Vallbracht Simone, Unsöld Heike, Ehl Stephan
Children's Hospital, University of Freiburg, Germany.
Eur J Immunol. 2006 Jun;36(6):1434-42. doi: 10.1002/eji.200535642.
We investigated the differentiation phenotype and function of virus-specific and non-specific CTL that were recruited to the lung parenchyma and the bronchoalveolar space after respiratory virus infections. Soon after virus elimination, we observed functional impairment of CTL isolated from the airways in their ability to produce IFN-gamma and TNF-alpha and to lyse target cells. Impaired cytotoxicity was due to a reduced content of granzyme B and a reduced ability to mobilize lytic granules. This impairment in effector functions (a) was largely restricted to CTL in the lung airways, (b) affected both CTL specific for the infecting virus as well as those that were recruited non-specifically to the inflamed lung, (c) was independent of contact between CTL and their specific viral antigen, (d) was not restricted to terminally differentiated CTL but also affected resting memory CTL and (e) could be elicited by both respiratory syncytial virus and influenza virus and thus seemed to be largely independent of the infecting virus. These observations suggest that functional impairment of antiviral T cells in the lung is not the consequence of a viral escape strategy. It may rather result from the particular milieu in the bronchoalveolar space and reflect a host mechanism to prevent excessive pulmonary inflammation.

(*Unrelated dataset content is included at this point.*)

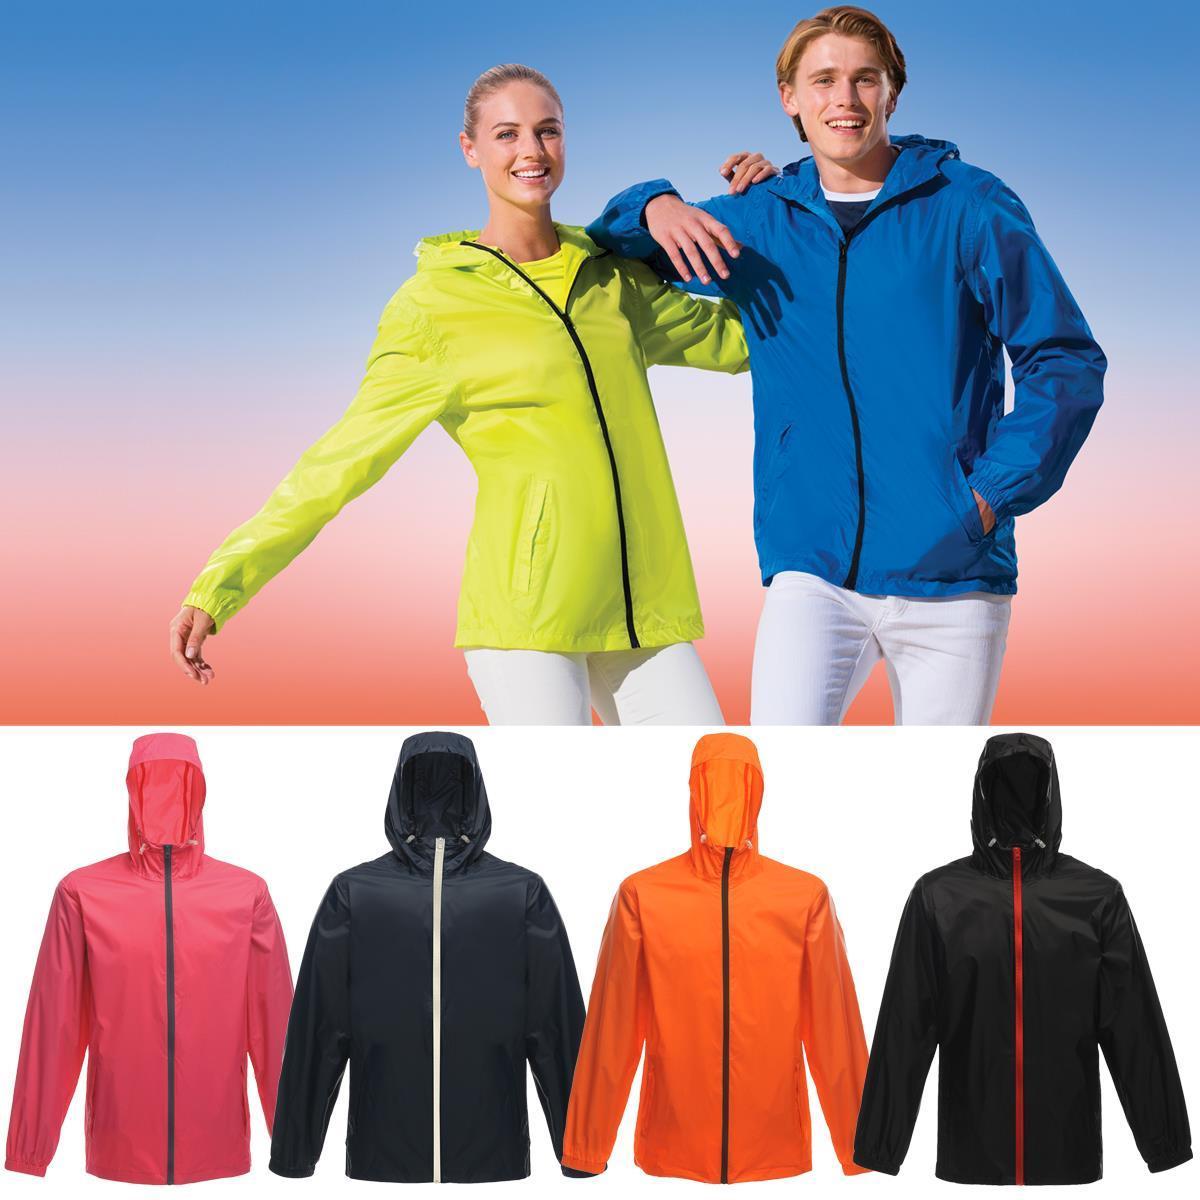 Regatta Avant Unisex Waterproof Lined RainShell Jacket Taped Seams Mesh Lining

我们研究了呼吸道病毒感染后募集到肺实质和支气管肺泡腔的病毒特异性和非特异性CTL的分化表型及功能。病毒清除后不久,我们观察到从气道分离的CTL在产生IFN-γ和TNF-α以及裂解靶细胞的能力方面存在功能障碍。细胞毒性受损是由于颗粒酶B含量降低以及动员裂解颗粒的能力下降。效应器功能的这种损伤(a)在很大程度上局限于肺气道中的CTL,(b)影响针对感染病毒的CTL以及非特异性募集到炎症肺组织的CTL,(c)独立于CTL与其特异性病毒抗原之间的接触,(d)不仅限于终末分化的CTL,还影响静息记忆CTL,并且(e)可由呼吸道合胞病毒和流感病毒引发,因此似乎在很大程度上独立于感染病毒。这些观察结果表明,肺中抗病毒T细胞的功能障碍不是病毒逃逸策略的结果。它可能反而源于支气管肺泡腔的特殊环境,并反映了一种防止过度肺部炎症的宿主机制。